---- Dataset extract

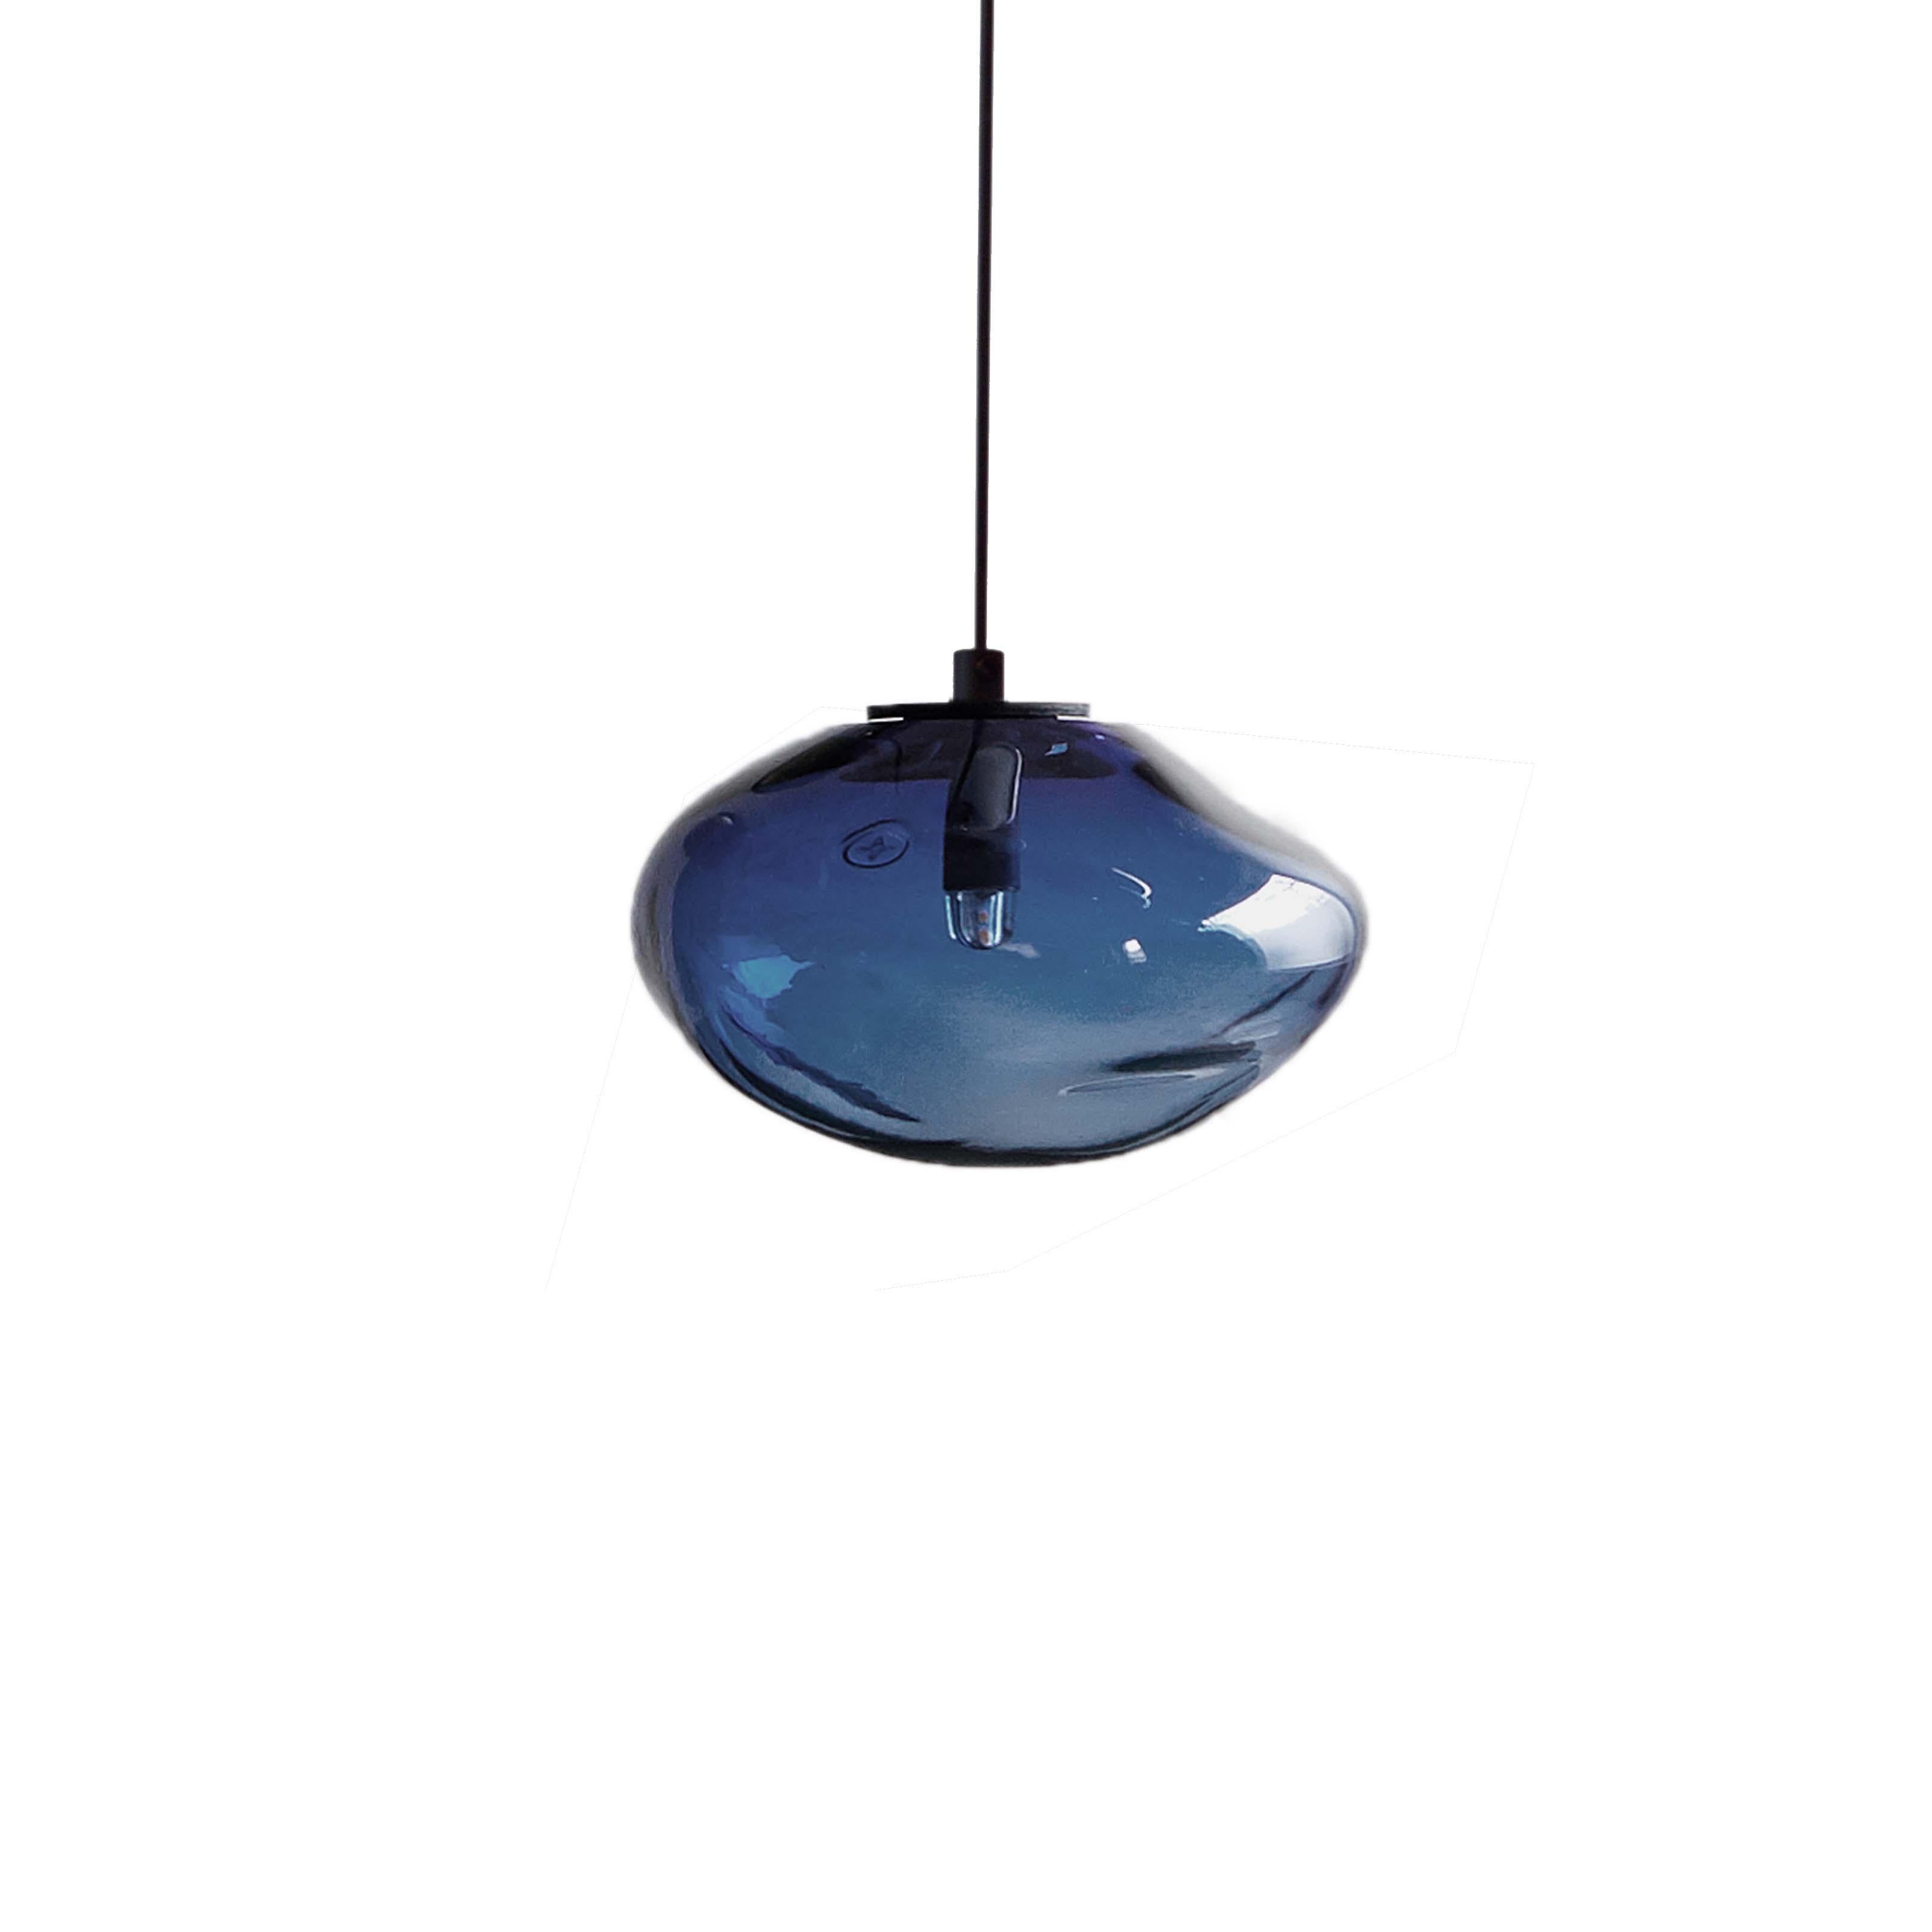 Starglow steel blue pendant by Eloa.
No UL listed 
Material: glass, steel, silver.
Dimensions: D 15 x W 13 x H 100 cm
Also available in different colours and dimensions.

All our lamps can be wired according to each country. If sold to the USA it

--------

§ Problem to solve
Your task is to transcribe all of the records precisely, with no images included.

§ Result of the exercise
 Starglow steel blue pendant by Eloa.
No UL listed 
Material: glass, steel, silver.
Dimensions: D 15 x W 13 x H 100 cm
Also available in different colours and dimensions.

All our lamps can be wired according to each country. If sold to the USA it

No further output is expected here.